(Supplied information)

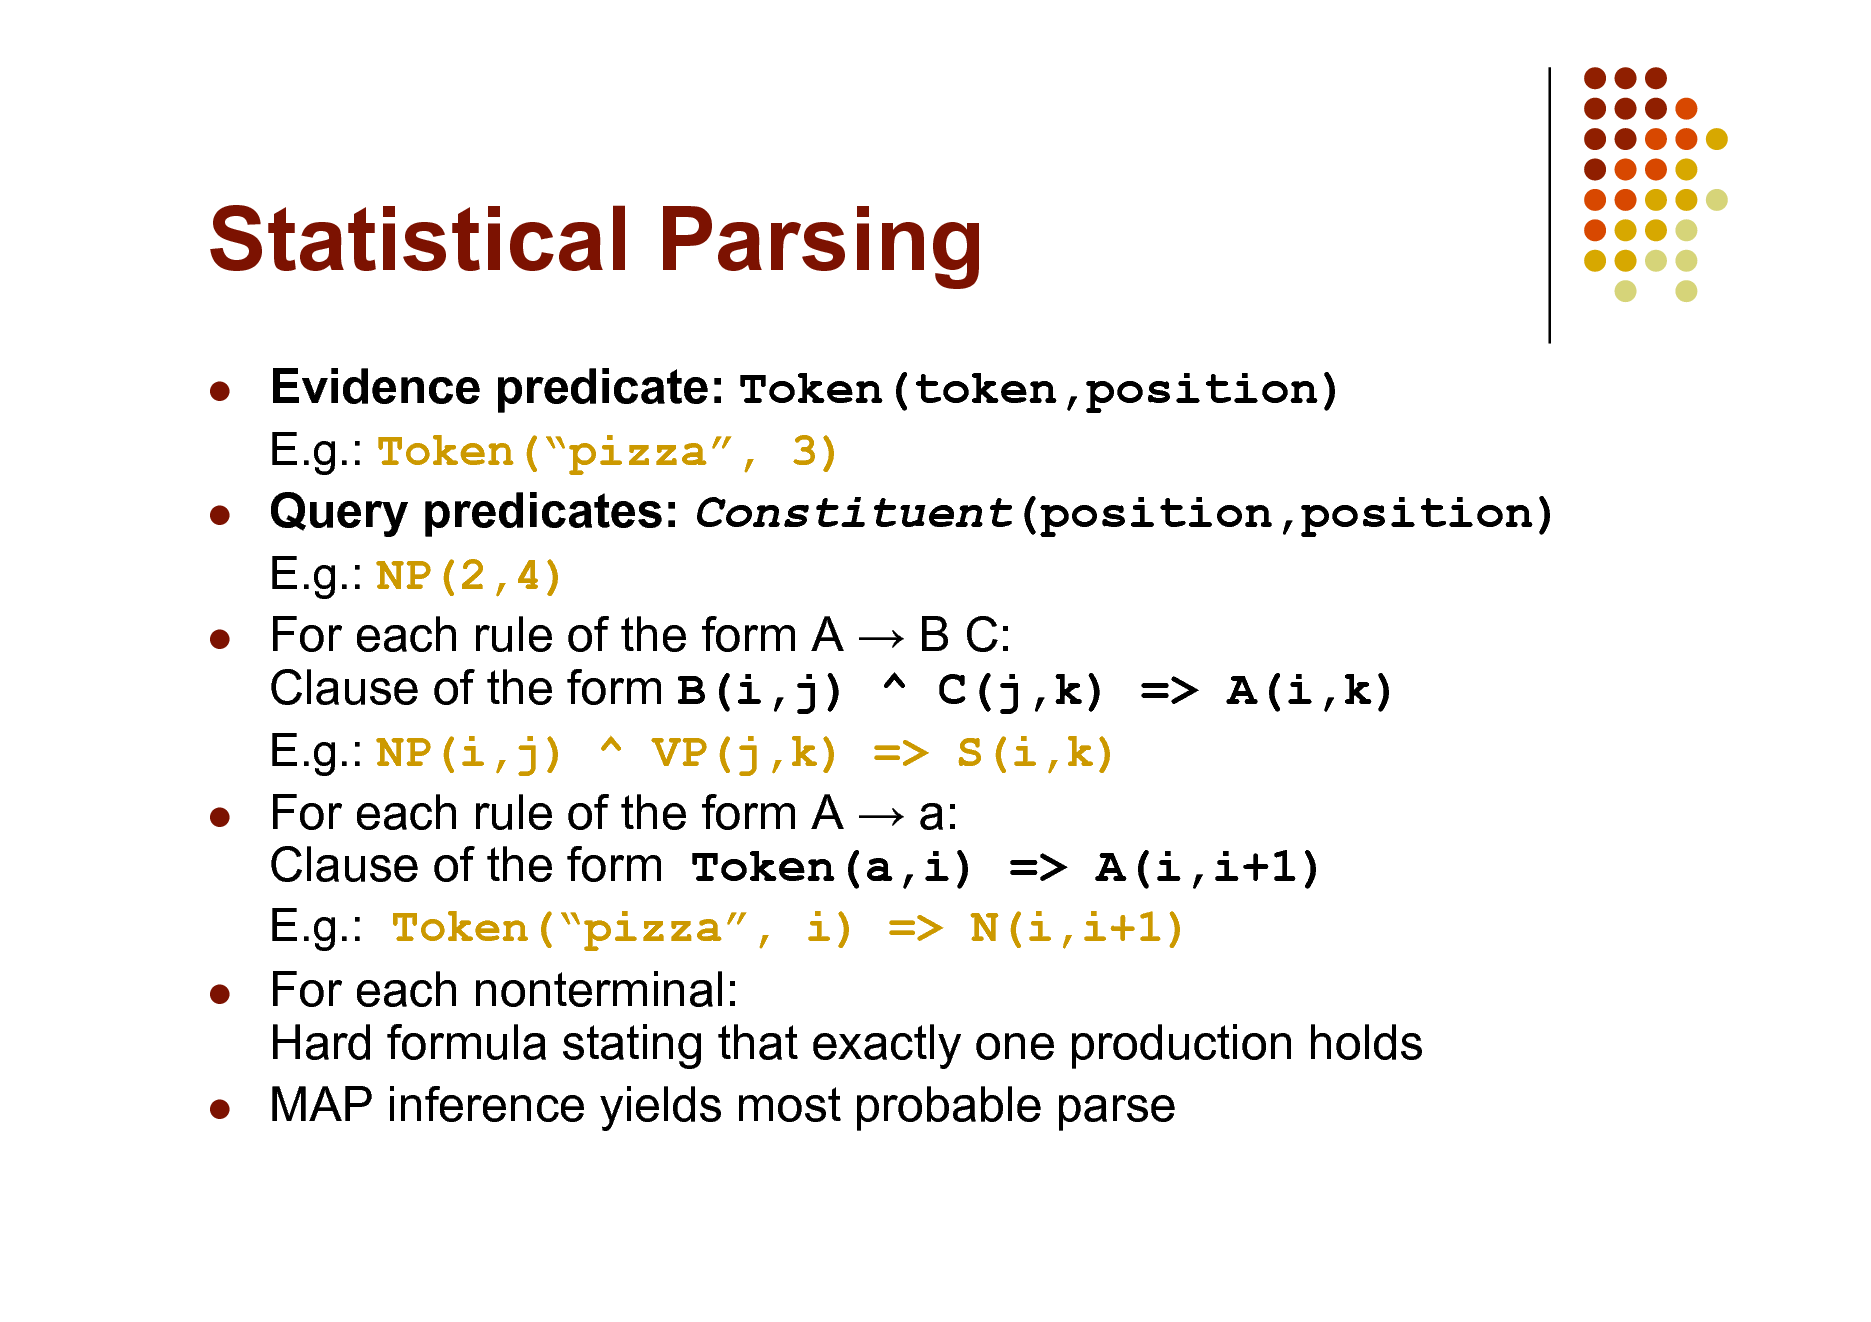 Slide: Statistical Parsing
 





 

Evidence predicate: Token(token,position) E.g.: Token(pizza, 3) Query predicates: Constituent(position,position) E.g.: NP(2,4) For each rule of the form A  B C: Clause of the form B(i,j) ^ C(j,k) => A(i,k) E.g.: NP(i,j) ^ VP(j,k) => S(i,k) For each rule of the form A  a: Clause of the form Token(a,i) => A(i,i+1) E.g.: Token(pizza, i) => N(i,i+1) For each nonterminal: Hard formula stating that exactly one production holds MAP inference yields most probable parse

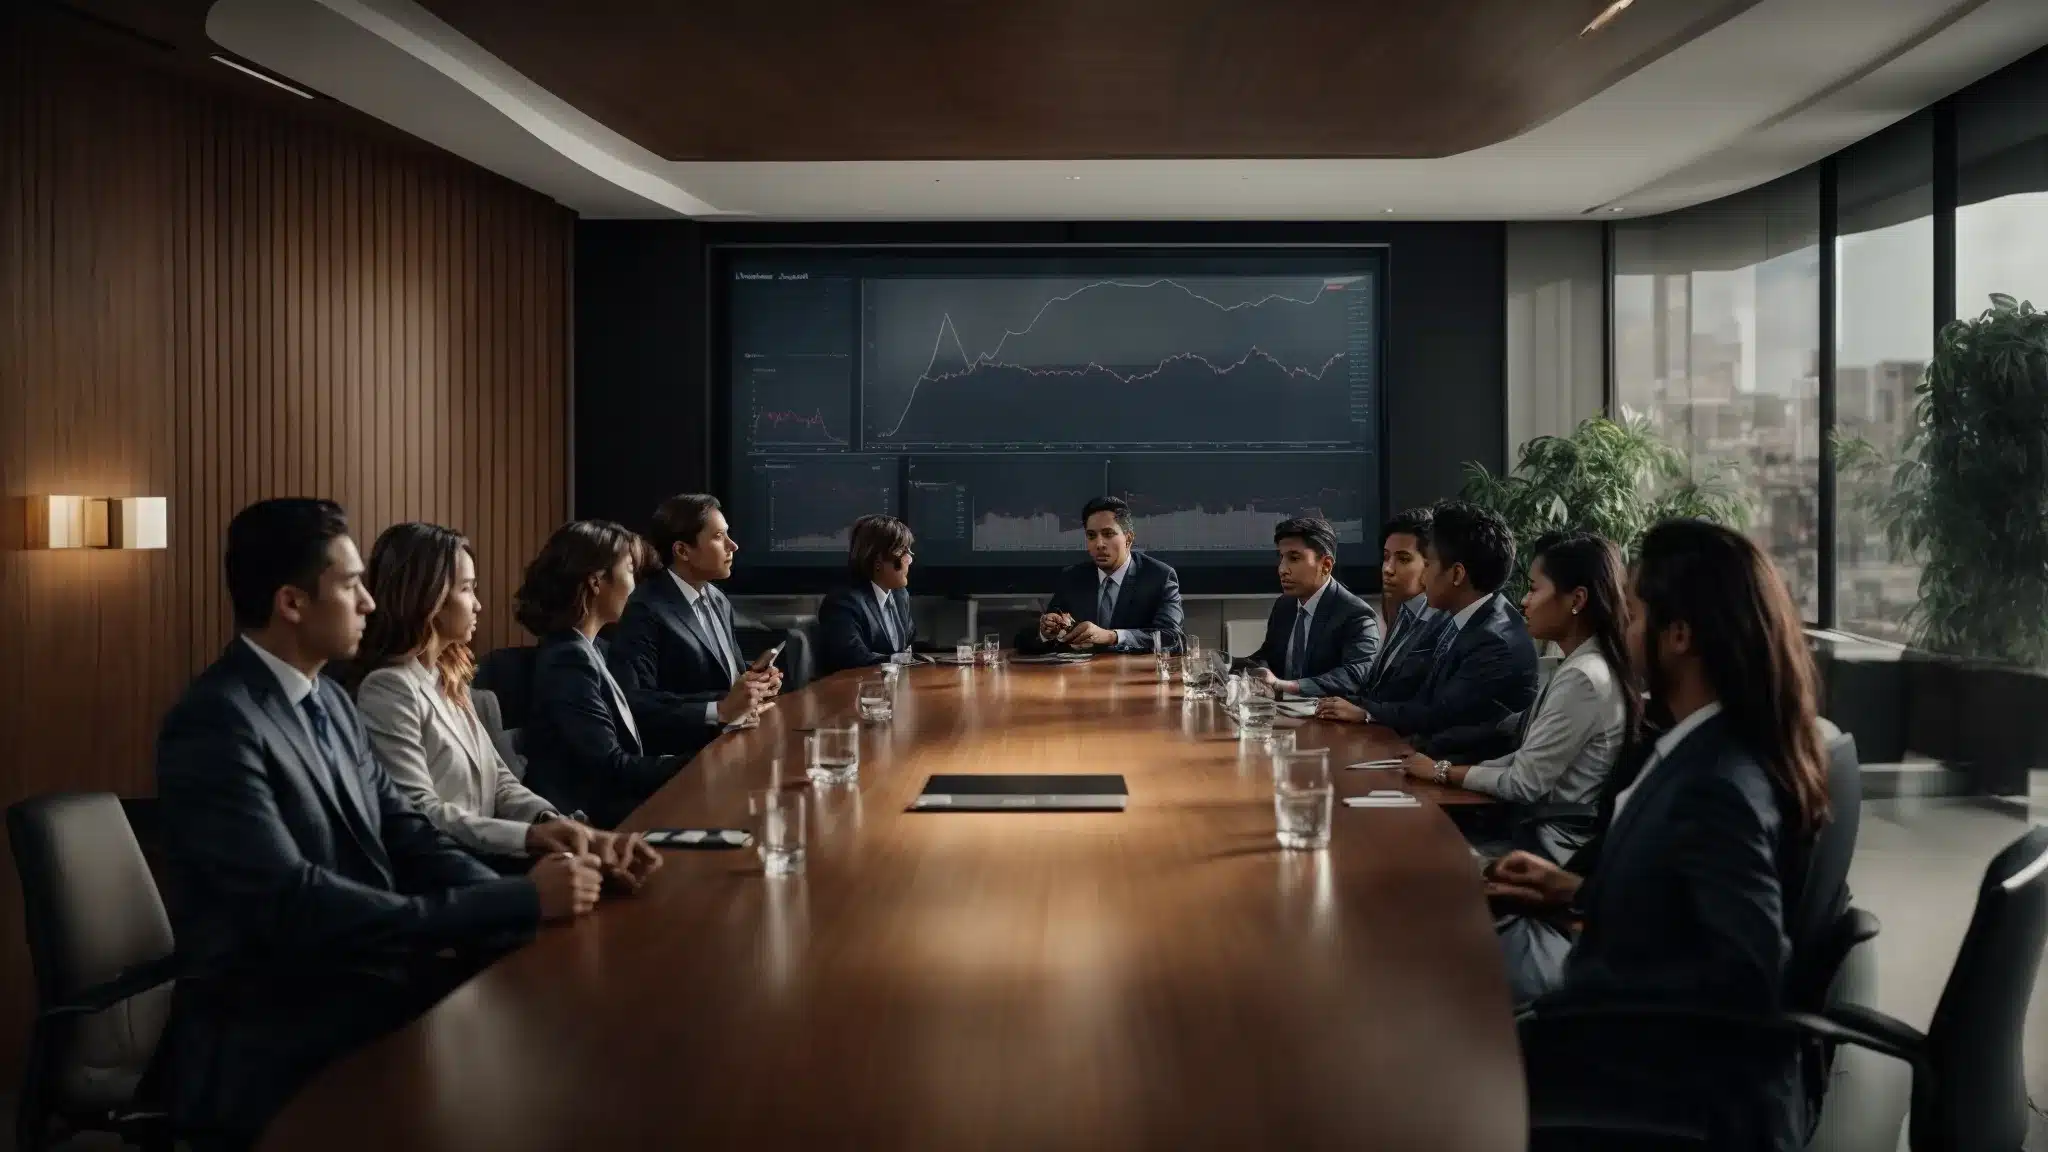 A Boardroom With Marketing Professionals Analyzing Charts Depicting Customer Demographics And Preferences On A Large Screen.
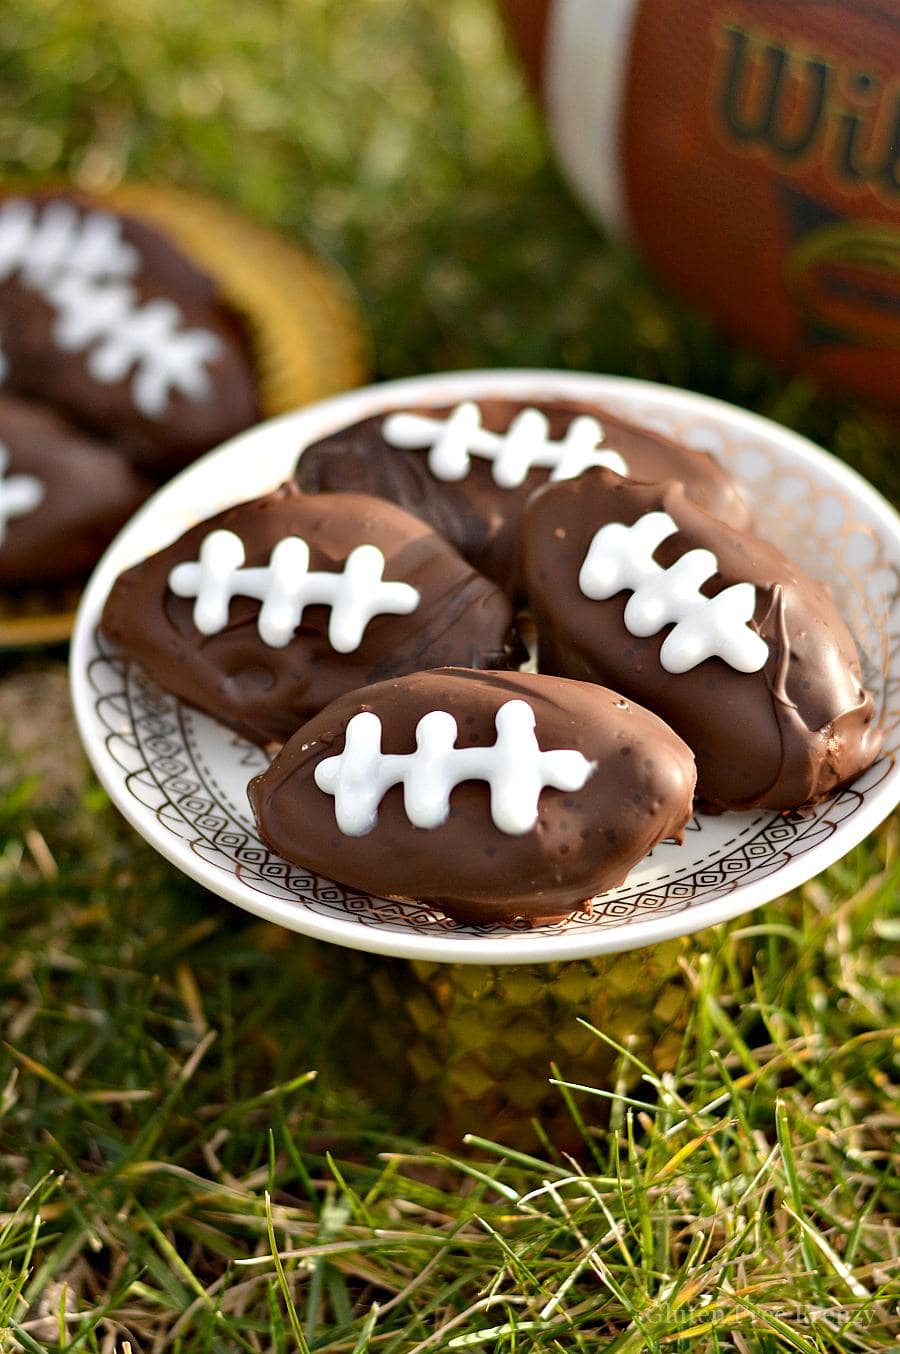 These gluten-free cookie dough footballs are perfect for your next sports night or Superbowl party. They are easy to make and everyone will love them!
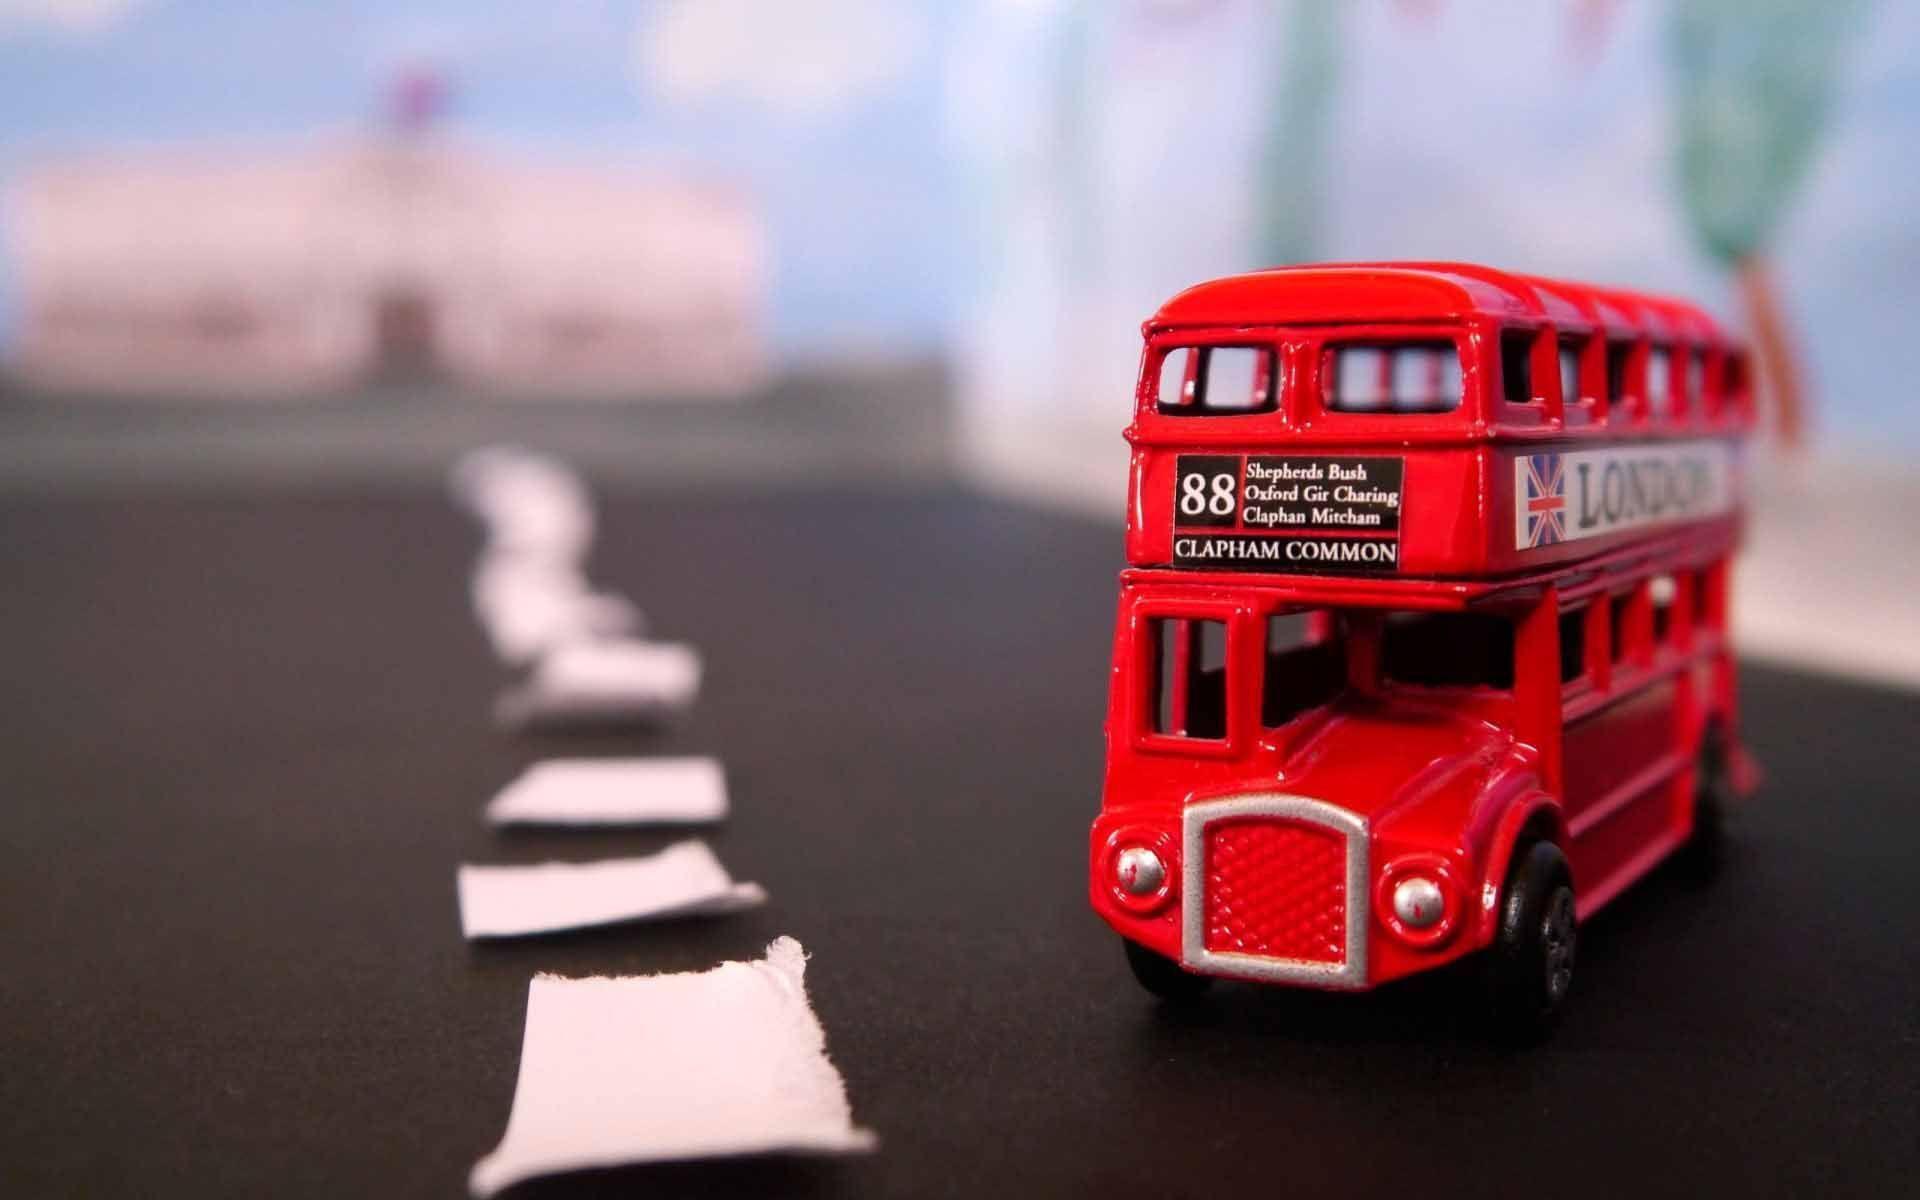 Bus Uk London Wallpaper. HD 3D and Abstract Wallpaper for Mobile

(End Supplied information)

- Task description:
Where a record above holds a picture, drop the picture and print the rest exactly.

- Final answer:
 Slide: Statistical Parsing
 





 

Evidence predicate: Token(token,position) E.g.: Token(pizza, 3) Query predicates: Constituent(position,position) E.g.: NP(2,4) For each rule of the form A  B C: Clause of the form B(i,j) ^ C(j,k) => A(i,k) E.g.: NP(i,j) ^ VP(j,k) => S(i,k) For each rule of the form A  a: Clause of the form Token(a,i) => A(i,i+1) E.g.: Token(pizza, i) => N(i,i+1) For each nonterminal: Hard formula stating that exactly one production holds MAP inference yields most probable parse

 A Boardroom With Marketing Professionals Analyzing Charts Depicting Customer Demographics And Preferences On A Large Screen.
 These gluten-free cookie dough footballs are perfect for your next sports night or Superbowl party. They are easy to make and everyone will love them!
 Bus Uk London Wallpaper. HD 3D and Abstract Wallpaper for Mobile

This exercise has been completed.